Дедушка встал. Он был хмелен и слегка шатался. Но начальственный взгляд, которым обвел присутствующих, приструнил тех, кто позволял себе междусобойные разговоры во время его предыдущих речей.
– Мы выпьем за память. Не мою, Марфы, наших детей и даже не за память присутствующих здесь наших внучек и прочей детворы. Если вот их внуки, – дедушка, как уже было, указательным пальцем, как стволом пистолета, в каждого ребенка тыкнул, – если их внуки забудут про Блокаду, то пусть будут прокляты!
Повисло молчание.
– Тогда не чокаясь? – робко спросила какая-то женщина.
– Ой!
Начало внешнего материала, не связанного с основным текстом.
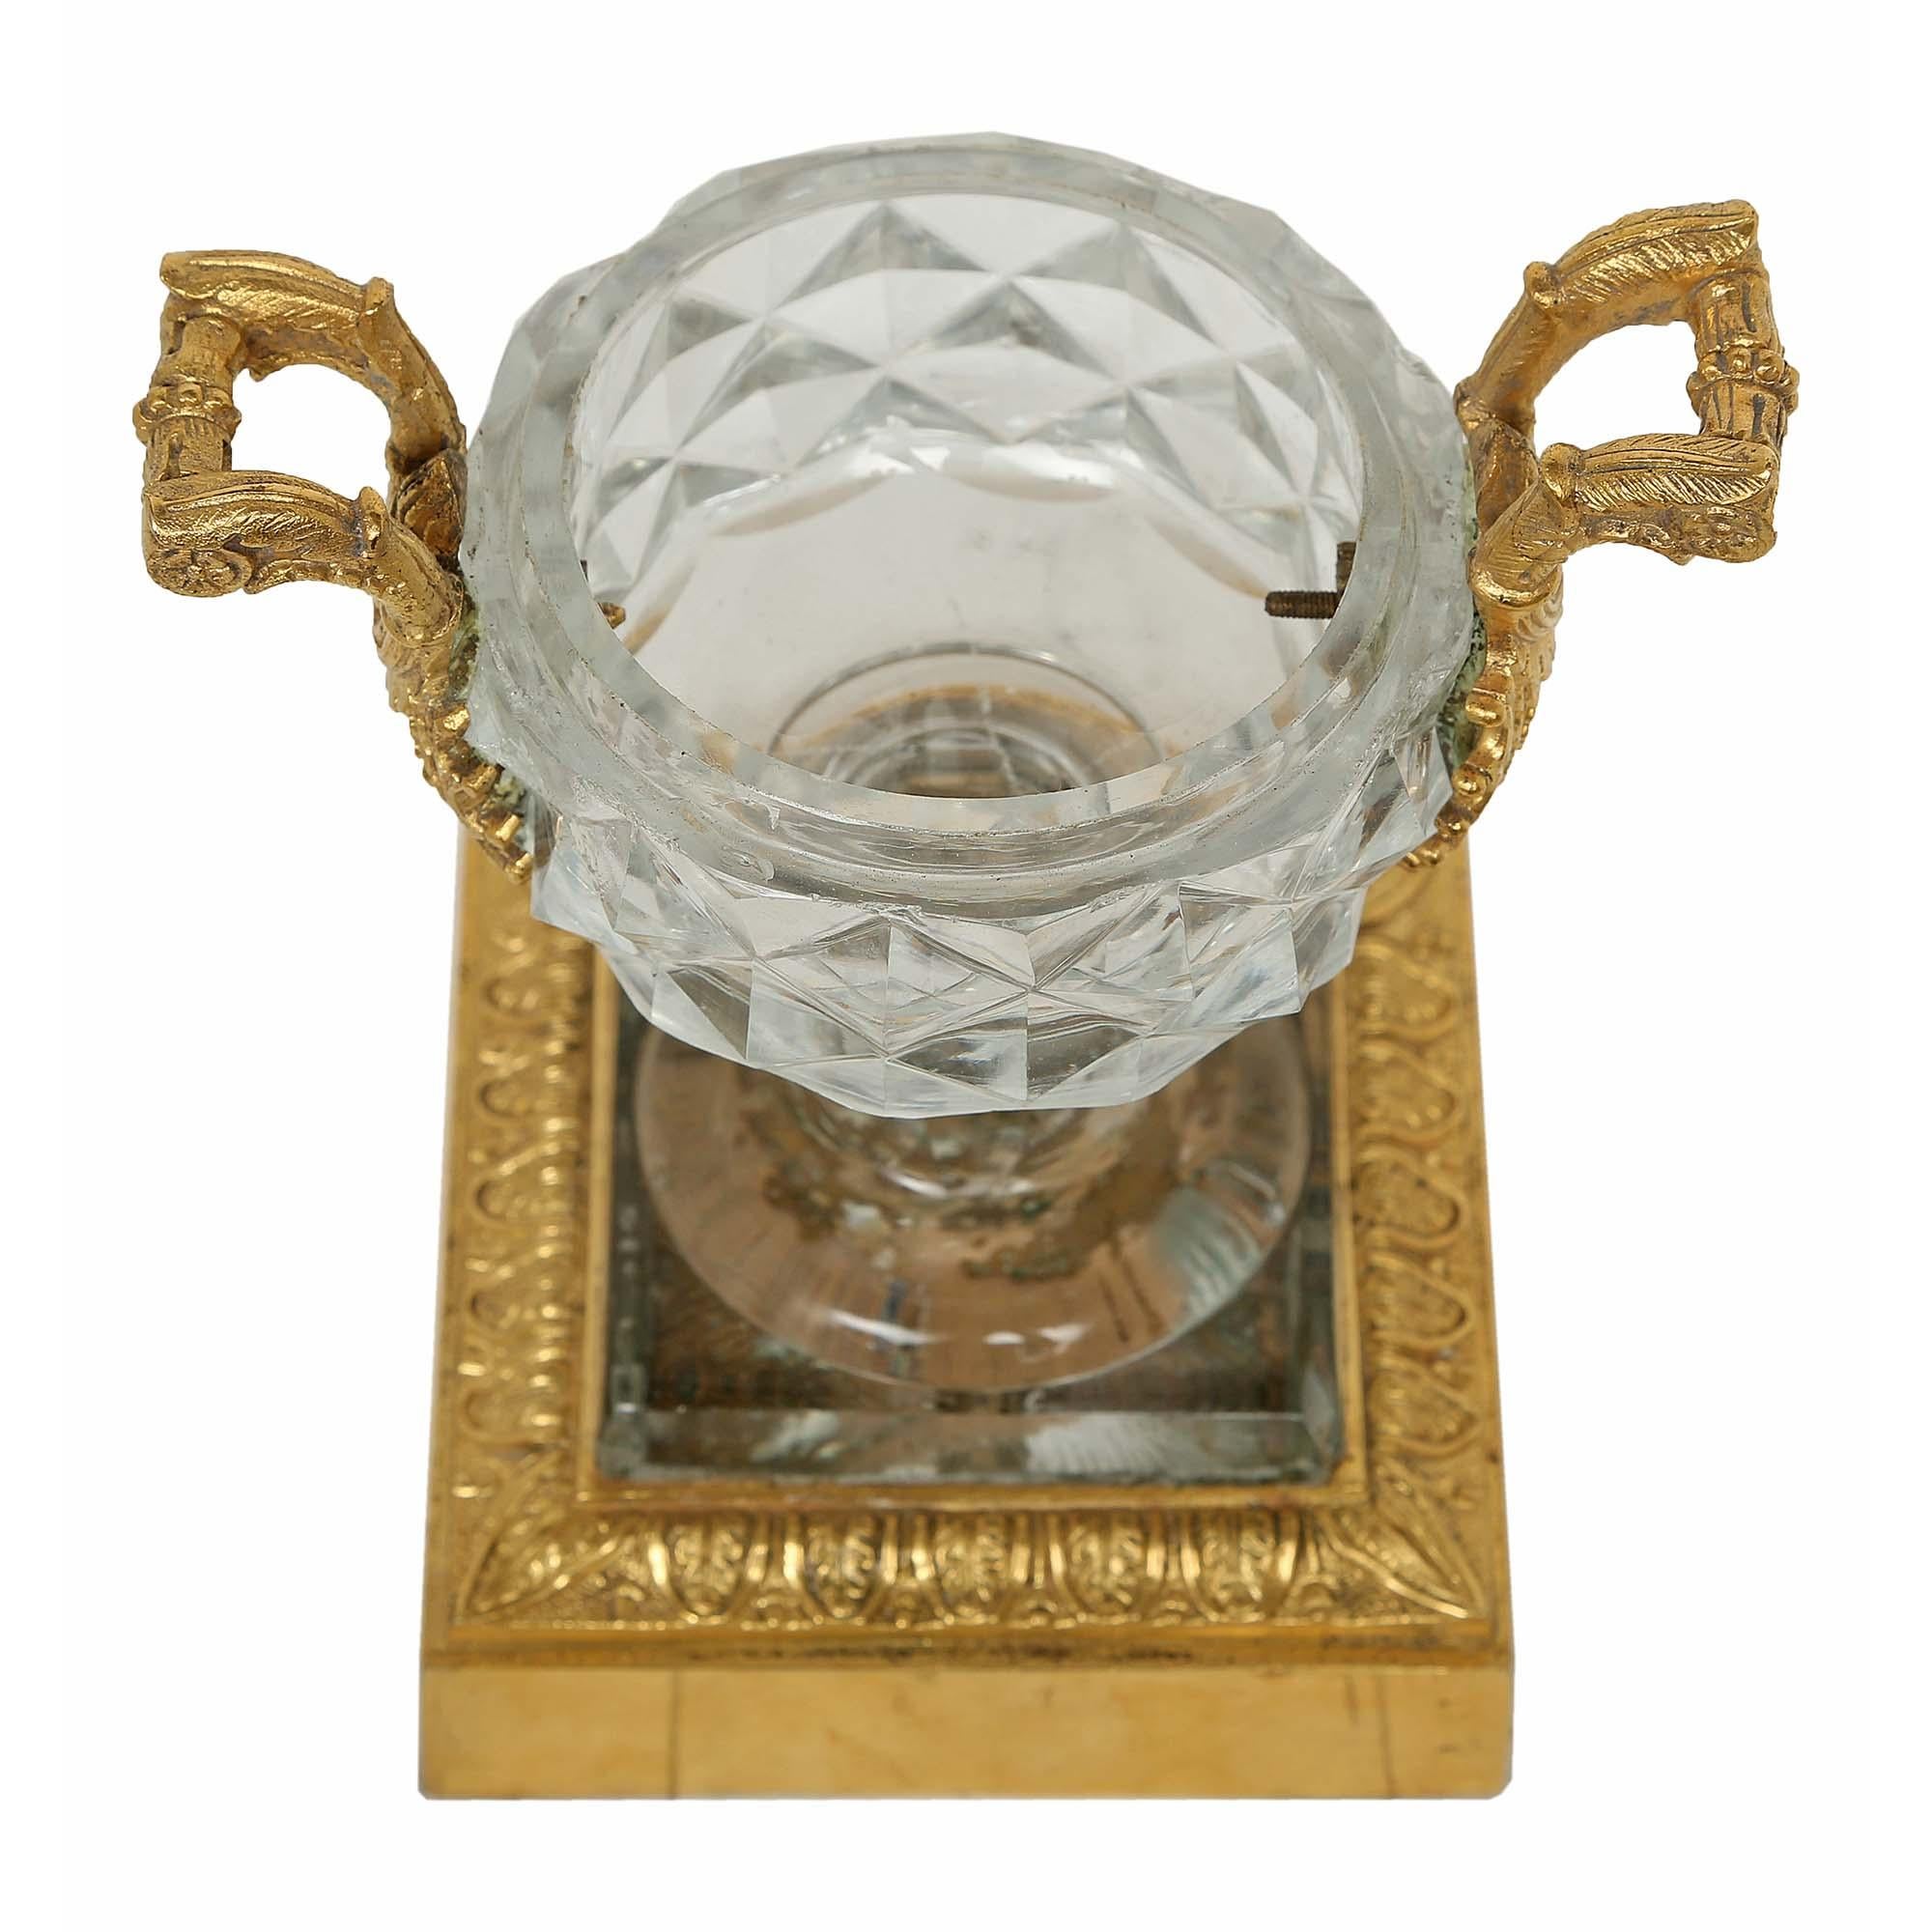 Une paire exquise de tazza en cristal de Baccarat et bronze doré du 19ème siècle. Chaque tazza en cristal de Baccarat repose sur une base carrée en bronze doré avec une bordure en forme de feuille d'acanthe. Les urnes en cristal merveilleusement

Уж выпьем! – Бама рывком дернула мужа за руку, и он рухнул на стул. – Выпьем, чтоб помнили честные, а бесчестных Бог рассудит!
Дедушка Саша часто высказывал крамольные мысли, идущие вразрез с внутренней и внешней политикой СССР и линией партии.
– Вы удачно прятали свои воззрения в тридцатые годы, – качал головой дядя Митя, – вас бы посадили лет на двадцать.
– Хочешь сказать, что я тогда трусил, а на старости лет осмелел? Вот и соглашусь! Жить хотелось, а теперь уж мало осталось. Вы меня слушайте, слушайте! Вы такого в газетах не прочитаете, да и не на всякой кухне, где интеллигенция шепчется, услышите.
– Наш домашний диссидент, – ухмылялся дядя Степа.
– Э-э-э, нет! – водил в воздухе указательным пальцем дедушка. – Диссиденты советские как течные сучки: смотрят вожделенно на Запад и задницами крутят. Хвосты подняли и готовы…
– Александр Павлович! – не выдерживала Бама. – Тут дети.
– Если б не дети, я выразился бы конкретнее.
Дедушка говорил, что развал сельского хозяйства как начался в семнадцатом году, так до сих пор продолжается. Страна теряет продовольственную безопасность. Огромная страна с плодородными почвами! До революции русского зерна боялись, мы могли пол земного шара завалить своим дешевым хлебом, а теперь его покупаем на валюту.